Sábado – Pense por si

Renato Gomes Carvalho
Renato Gomes Carvalho Membro da direção da Ordem dos Psicólogos Portugueses
09 de julho de 2026 às 07:00

A autonomia é uma necessidade humana

No campo da psicologia e da compreensão científica do comportamento humano, a autonomia é uma dimensão amplamente estudada.

Este ano de 2026 é um ano particularmente simbólico para as nossas Regiões Autónomas da Madeira e dos Açores e, portanto, para o País. Assinalam-se 50 anos da consagração formal na Constituição de 1976 da sua autonomia política e administrativa, que se tem revelado um fator de promoção do desenvolvimento económico e humano, da coesão social e de relevância geopolítica do nosso País, expresso desde logo numa das maiores zonas económicas exclusivas do mundo. Trata-se de uma efeméride que merece ser celebrada, mas que merece igualmente ser pensada e cujo seu valor deve ser assumido. A Autonomia é muito mais do que uma formalidade constitucional ou uma opção de organização política e administrativa. A autonomia é uma necessidade humana.

Na verdade, no campo da psicologia e da compreensão científica do comportamento humano, a autonomia é uma dimensão amplamente estudada. Desde logo, conforme é concetualizado pela teoria da autodeterminação, uma das macroteorias da motivação, os seres humanos têm necessidades psicológicas básicas, tão fundamentais como as necessidades fisiológicas. Essas necessidades são de afiliação, isto é, gostar e ser gostado e sentir pertença, de competência ou mestria, isto é, sentir-se capaz e eficaz, e de autonomia, de poder decidir e fazer coisas à sua maneira ou dentro dos graus de liberdade existentes. A satisfação destas necessidades associa-se a indicadores favoráveis de saúde psicológica e bem-estar.

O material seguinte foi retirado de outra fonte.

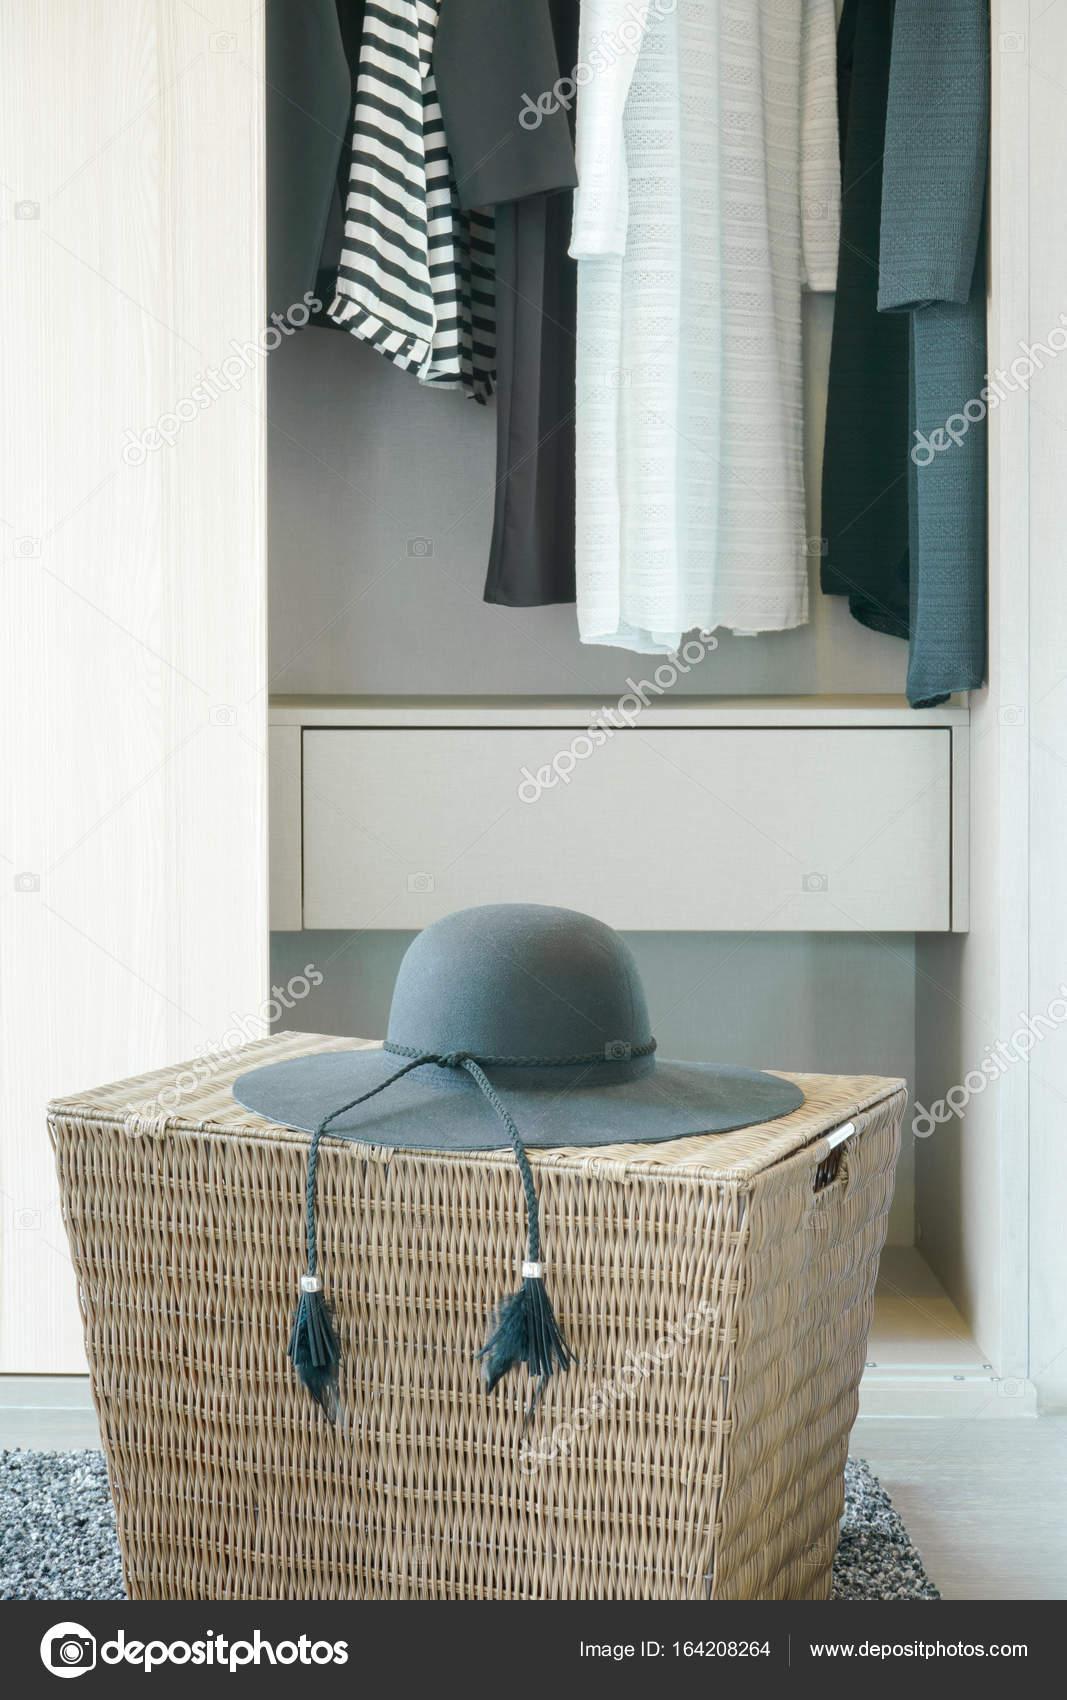 Schwarzen Hut auf Korb mit Tüchern hängen im Schrank im Hintergrund ...

Mas o que a ciência psicológica demonstra para os indivíduos pode ser aplicado igualmente às comunidades. Uma comunidade que tenha capacidade de decidir sobre si própria, de encontrar soluções e adaptar respostas à sua própria realidade específica também está mais bem posicionada para progredir. É precisamente isso que 50 anos de autonomia regional ilustram.

No domínio específico da disponibilização de serviços de psicologia à comunidade esta perspetiva é particularmente clara. É evidente o contraste entre as realidades regionais e a nacional, como demonstram a escassez dramática de psicólogos no SNS, em especial nos cuidados primários, ou os sucessivos imprevistos e percalços que afetam a estabilidade dos serviços de psicologia nas escolas, entre outros exemplos. A possibilidade de local e regionalmente se tomarem decisões sobre a constituição de serviços, a contratação de profissionais e o desenho de modelos de intervenção, traduziu-se em ganhos reais e visíveis na acessibilidade das pessoas e comunidades a esses serviços. Na prática, a autonomia não foi apenas um princípio, mas um instrumento de desenvolvimento.

Num Estado historicamente centralista, com uma desconfiança estrutural face a tudo o que se decida fora de Lisboa, a história das regiões autónomas - também na área dos serviços públicos de psicologia - é uma história que demonstra que o princípio da subsidiariedade e a proximidade entre quem decide e quem vive os efeitos das decisões costuma produzir melhores resultados.

Cinquenta anos depois, vale a pena enfatizar o que esta efeméride nos ensina. Autonomia é sinónimo de desenvolvimento, para além de ser também uma necessidade inerente à natureza humana. Não admira que seja tão prezada por aqueles que a têm e desejada por aqueles que ainda precisam dela.